Is Seth Rollins unsafe in the ring? Bret Hart certainly seems to think so. The Hitman recently criticized Rollins for Finn Balor’s injury at WWE SummerSlam, and honestly he has a point. He also had a point when he criticized Seth for injuring both John Cena and Sting as well. But is he right?
Many fans are lining up to defend Rollins, and that is understandable. He’s a popular heel, which is something that WWE fans love. It’s cool to support the guy that should be hated. Some might call that simply getting over, and Rollins is, but it’s always gone deeper than that.
It’s the same reason why John Cena continues to get booed despite how many five-star matches he turns in; fans don’t like being told who to support and why. They would rather go their own way, and in this modern era, there’s no need for WWE to fight it. This is just how it is.
But even though Seth has support, the rumblings are growing louder by the day. At this point, there’s just no running from it, and had it been only one injured Superstar, it may not even be news. Of course, that may be part of the problem; are fans desensitized to injuries in WWE?
When Rollins broke Cena’s nose, it was considered just a by-product of the match. These things happen, right? After all, pro wrestling is a tough sport and sometimes, guys get hurt. That’s the nature of the business. Plus it did nothing but reemphasize Cena’s role as the most resilient worker on the roster, so it seemed like a fitting addition to the match.
The fact that Cena is WWE’s top guy and was hurt on live TV didn’t seem to bother anyone. Maybe the gravity of the situation was lost as fans just didn’t realize what a big deal it was. In any other era, an incident of this nature would be serious cause for concern to the promoter and to the top guy himself. But neither Vince McMahon nor Cena apparently seemed all that upset about it.
But when Rollins injured Sting, his perceived carelessness became a living breathing thing. Cena’s broken nose suddenly took on more importance than it had before, and fans began to take a second look at Seth Rollins. Sting, however, has never publicly held Seth responsible for the injury that has since put him out of WWE.
Instead, Sting claimed the corner powerbombs were simple buckle bumps, and he doesn’t know why they had such an impact on him. Sting is a professional of course, so to call Seth out in front of his peers and the company itself is not his style. If he’s being honest and truly doesn’t blame Seth, then how could anyone disagree? Isn’t this between Sting and Seth?
To believe ordinary pro wrestling fans that have never been in the ring could have more meaningful opinions than those held by the boys themselves, is nothing short of ludicrous. Yet every time Bret Hart opened his mouth about John or Sting, he was accused of being a bitter old man. Is that really the case, or were fans too quick to criticize him?
Now Finn Balor is on the shelf for what could be at least eight months. He was supposed to be the next big thing, the new face of Monday Night Raw. Of all the NXT talents that had been called up to the main roster, he was arguably the best and had the most potential on the main event level. Now he’s out, and fans are once again debating whether or not Rollins should be held accountable.

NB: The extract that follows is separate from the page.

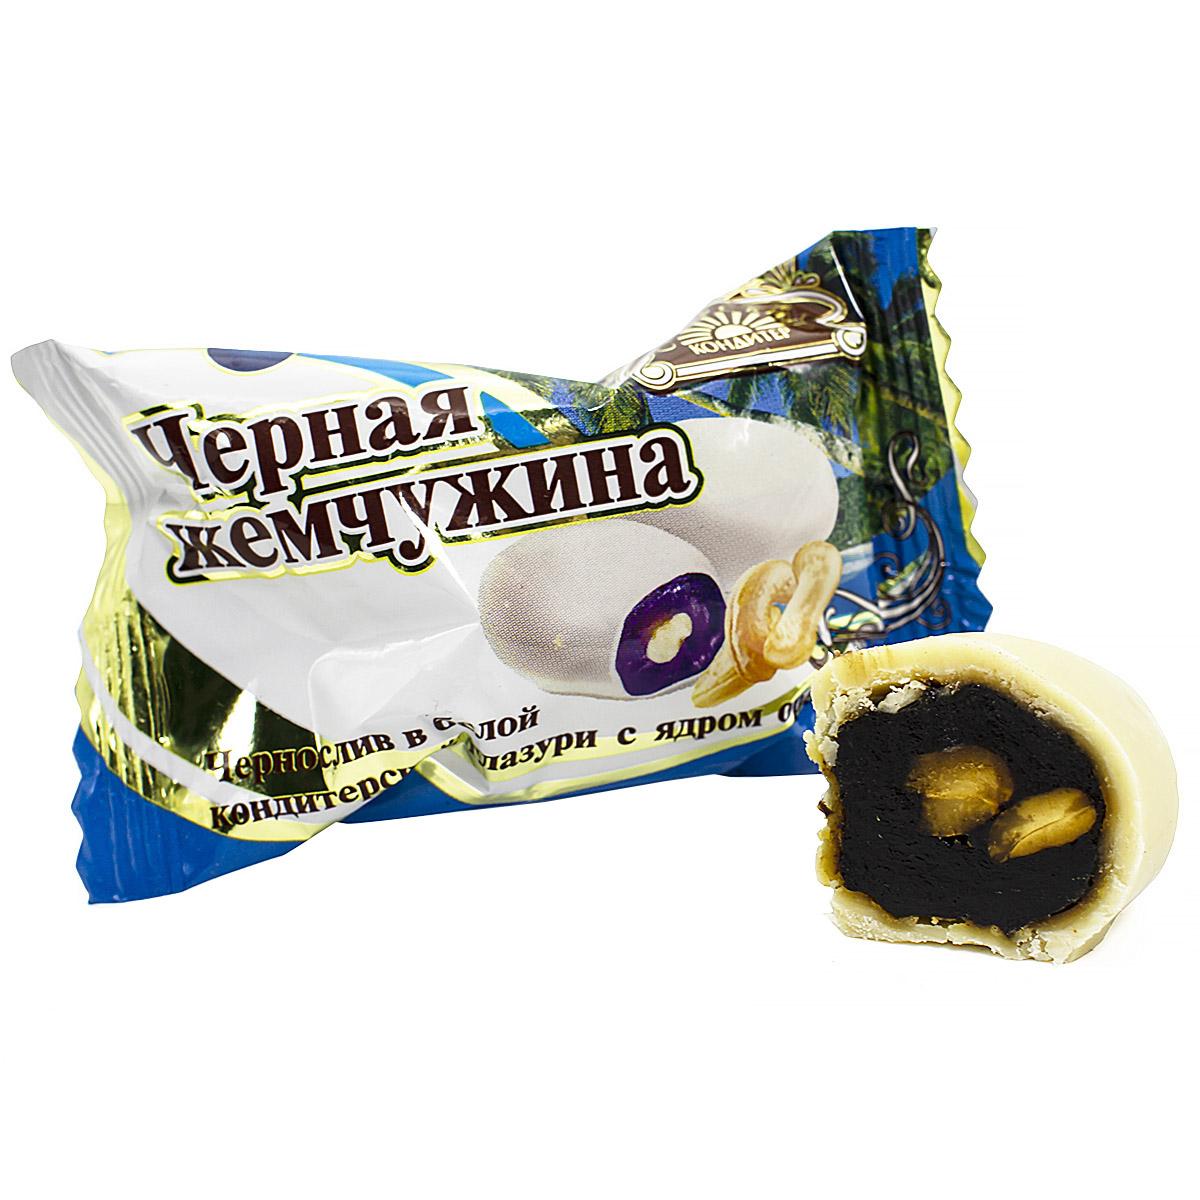 Конфеты Черная жемчужина, весовые киви в белом шоколаде 150 г
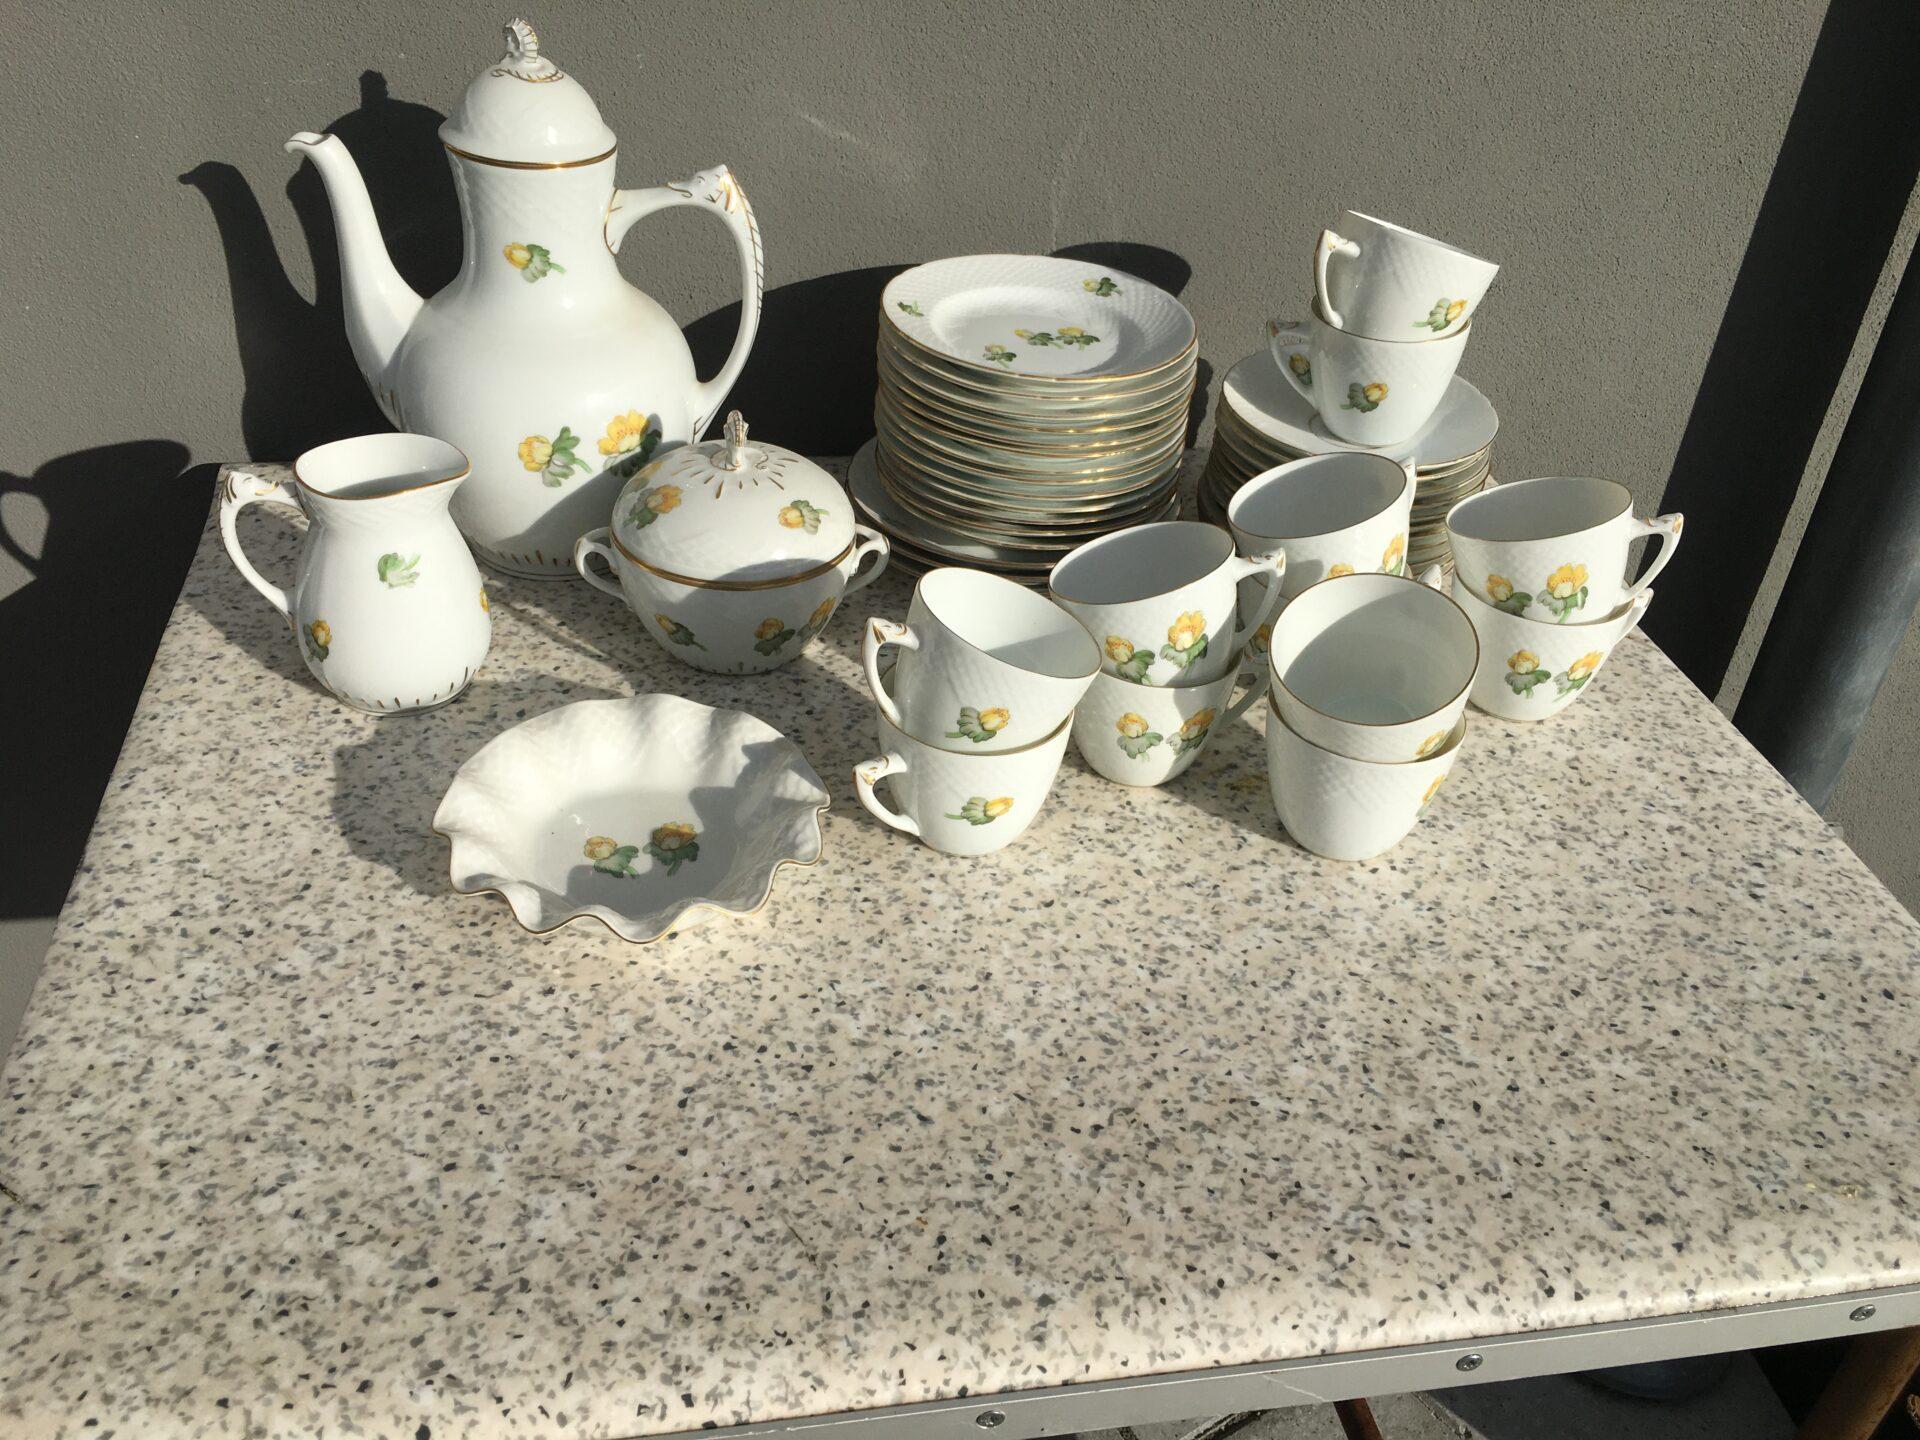 Erantis kaffestel til 12 personer, 1. sortering, fejlfri, velholdt, samlet pris 600kr

But is popular opinion turning against him this time? Once is accidental, twice is sloppy, but three times is irresponsible. Isn’t that the case here? Pro wrestling is a tough business, that much is true. But just because that’s a fact does not mean injuries should be happening as frequently as they are in WWE.
Perhaps the real problem here is not just Seth himself. Maybe the problem is the current WWE style, which is little more than an action movie taking place in a wrestling ring. The pace of the matches has multiplied exponentially over the past five years to the point it is now. Guys are going so fast that fans don’t have time to emotionally invest in anything they’re seeing.
It’s one high spot after another, one edge of the seat nail biter followed by more of the same. These are no longer wrestling matches, they’re stunt shows. The talent themselves are more athletic and more intense than they ever have been, and that’s a good thing. But when everyone is risking life and limb for the sake of popping the crowd, then the reason for the match itself is lost.
Many fans believe this is the style that WWE has evolved to, and to change it now would be taking a step back. Why slow down if the men and women involved are okay with it, and want to compete at this pace? But the fact is they’re not okay. None of them are okay. The injuries are happening more and more frequently as time goes on, and fans should be very concerned that they haven’t seen the worst of it yet.
So no, it’s not all Seth Rollins’ fault. Whether or not he is indeed responsible for hurting the top guy, a legend, and a red hot talent, is not up to fans. Perception is reality of course, but only Seth and the talents around him know if he is truly unsafe, or if all of this is just a terrible coincidence.
But none of that changes the fact that Seth Rollins is under the microscope more now than he ever has been. Maybe it’s time everyone took a closer look. Maybe Bret Hart is onto something after all.